Yahoo may have had some bumps in its second quarter, but it's not backing down from forecast for the rest of the year.
The Internet pioneer edged below analyst expectations for its second quarter for both revenue and earnings per share. Specifically, revenue excluding commissions increased 8 percent to $1.346 billion, shy of the $1.37 billion analysts had expected, and net income was 10 cents per share excluding various items, compared with 11 cents expected by analysts surveyed by Thomson Reuters.
Nothing major went wrong, but the company's performance ended up on the low end of a number of financial measurements. One big factor was economic troubles, which Chief Financial Officer Blake Jorgensen said resulted in "softness" for ads in the finance, travel, and retail sectors.
With that in mind, and given that even Google is starting to sound worried about the economy, it's notable that Yahoo wasn't more cautious with its forecast.
Yahoo narrowed its expected full-year revenue from the range of $7.2 billion to $8 billion it issued three months ago to $7.35 billion to $7.85 billion.
Apparently, Wall Street was willing to hear the overtones of optimism in Chief Executive Jerry Yang's words Thursday. Yahoo stock rose 59 cents, or nearly 3 percent, to $21.99 in after-hours trading.
Don't read too much into that, though. The trouble with measuring Yahoo by stock performance is that it's in a foaming sea of possibilities right now with Microsoft's attempt to acquire Yahoo, a deal under which top rival Google will supply search ads and as much as $800 million in new revenue, a major reorganization and executive exodus, and the company settling its differences with activist investor Carl Icahn. Watching the stock is enough to make you seasick, and who can say how many expectations and counter-expectations have been baked into the price?

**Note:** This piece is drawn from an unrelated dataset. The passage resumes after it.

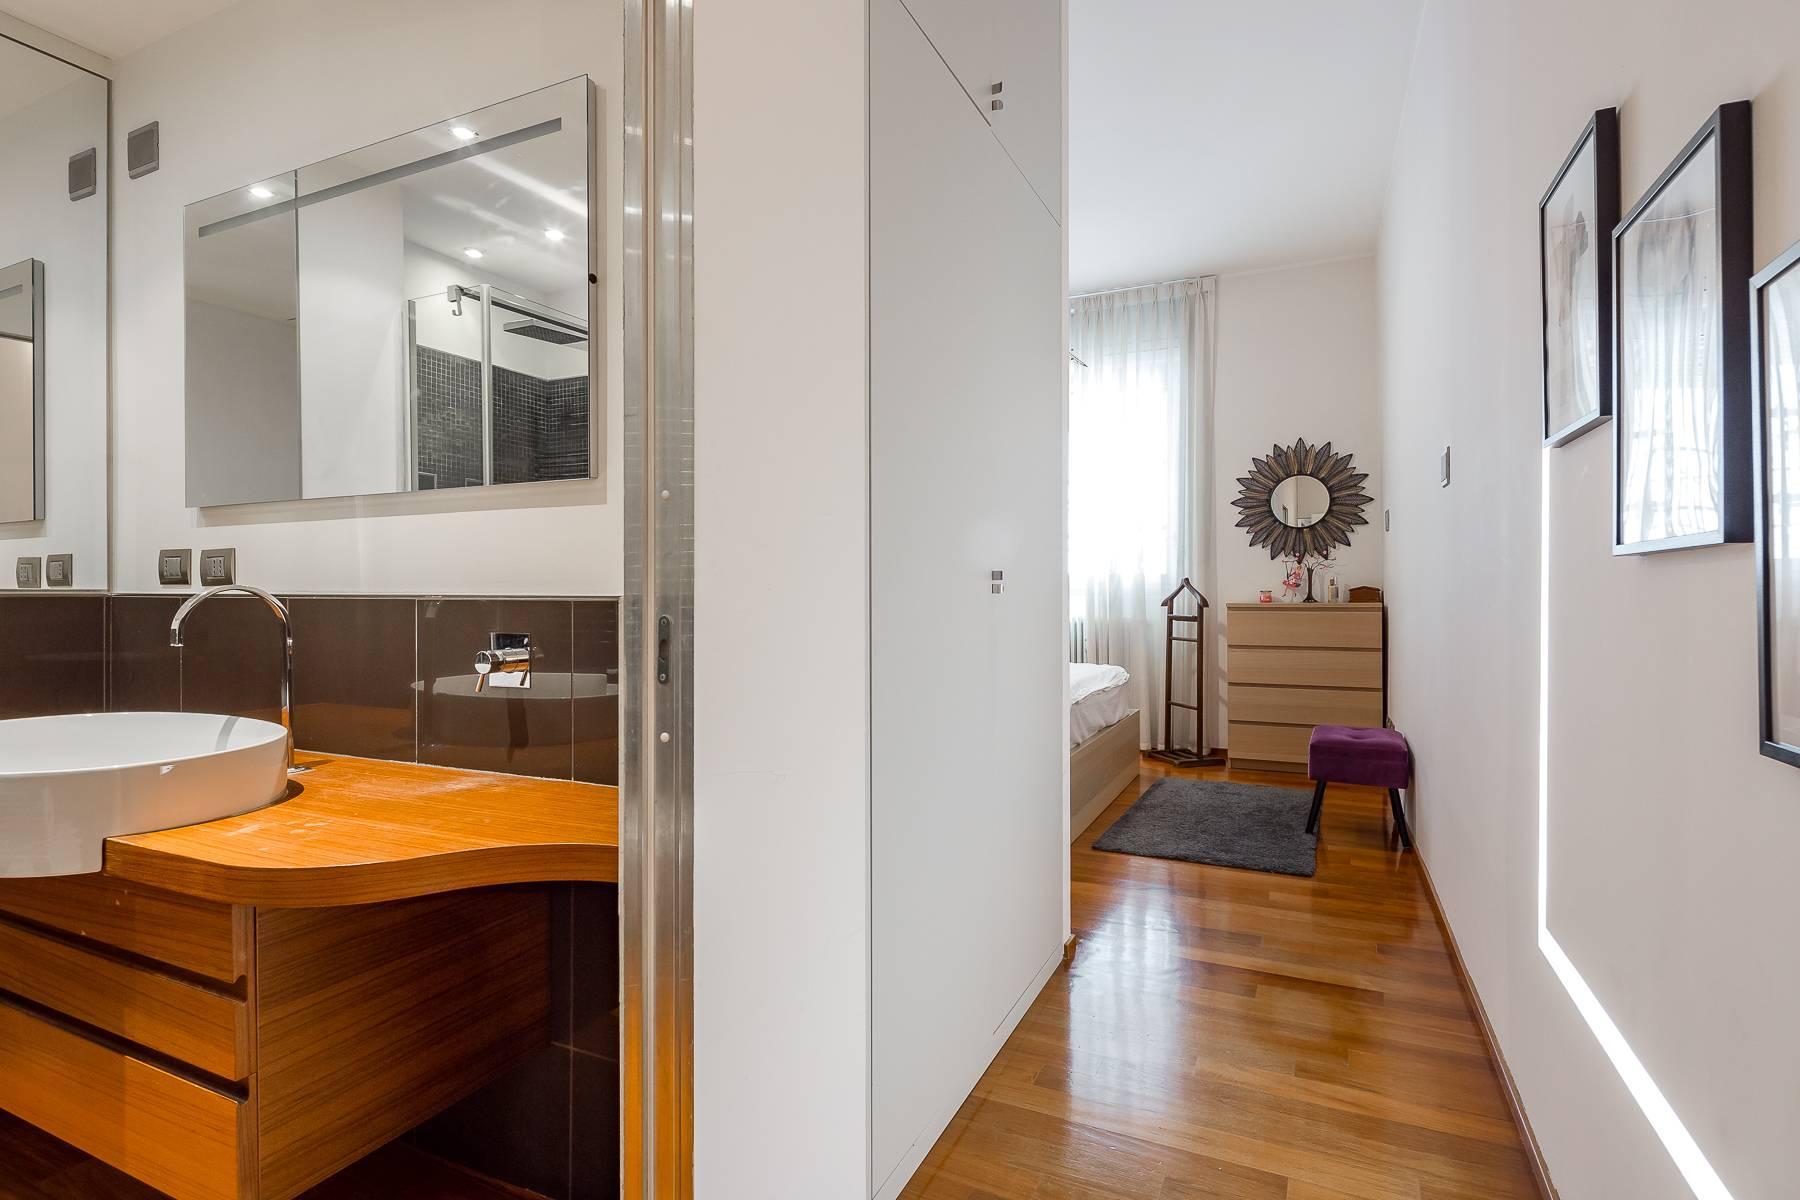 Renovierte Wohnung im Stadtviertel Ticinese/Darsena - 22
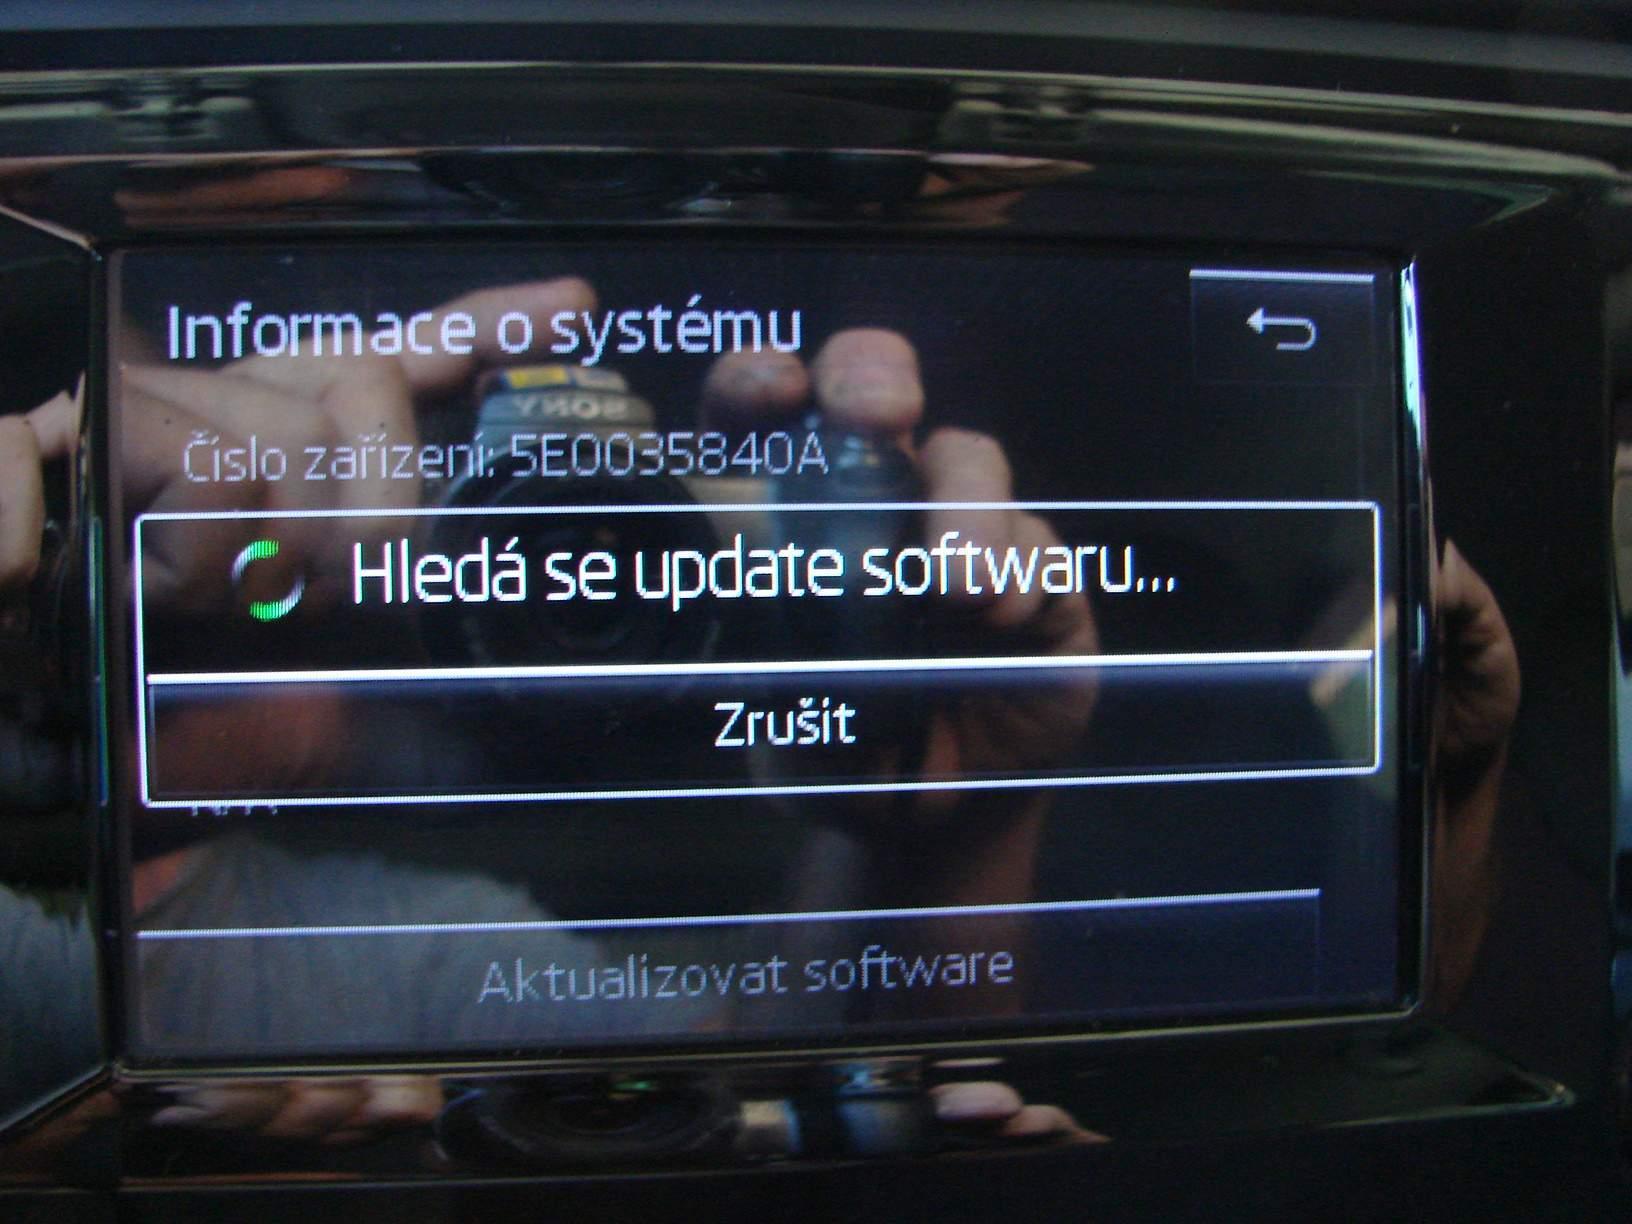 Firmware update bolero | SKODA INFOTAINMENT RADIO BOLERO OWNER'S

Frankly, it's remarkable given the number and scale of distractions that Yahoo managed to make an earnings announcement at all. Such complications take a toll on employees, but Yahoo quantified the challenge, too: it spent $22 million on advisers and legal defense costs dealing with Microsoft and Icahn.
One reason that President Sue Decker sounded optimistic is that the company believes it's narrowing the gap with Google in how much money it makes off each search ad.
There are two basic varieties of online ads, the text ads that appear next to search results and the more traditional graphical "display" ads that mirror what you'd see on TV or in a magazine. With the former, advertisers pay only when a user clicks on the ad, but with the latter, the advertiser generally pays when it's shown. Yahoo's hope is to bring the two realms together with unified tools for advertisers and to make it easier to control the complexities of display-ad campaigns.
Yahoo does better than Google in display ads, so it's natural for the company to try to press its advantage there. But even if Yahoo does manage to fire up the display-ad market with better tools, don't expect Google to be left in the dust.
For one thing, Google has fired up its own display-ad work with the DoubleClick acquisition. For another, the search-ad market is twice as big, according to analysis firm eMarketer, which projects U.S. spending on online ads will increase from $25.9 billion this year to $41 billion in 2011. But display ads are a relatively small part of that, increasing from $5.5 billion to $7.9 billion over the same period while search ads--the market Google dominates--rises from $10.4 billion to $16 billion.
One interesting note on the call came with the discussion of the Google advertising partnership. It doesn't look like Yahoo is counting on money from that partnership this year.
To recap its expected effects, Yahoo expects up to $800 million in revenue and $250 million to $450 million in operating cash flow from the Google deal, it said when it announced the deal. Yang said Tuesday that the money will be used to "enhance financial results and be reinvested in the company."
But the Google deal is under antitrust scrutiny right now from the Justice Department, Congress, and the states, and Yang also used a conspicuously cautious term--"if" not "when"--to describe the expected schedule for the deal's going into effect.
"If we implement (it), it would be some time in the fourth quarter, it looks like," he said. That contrasts with the company's earlier statements that it needs nobody's permission to go ahead with the deal and that its three-and-a-half-month delay for antitrust review is purely voluntary.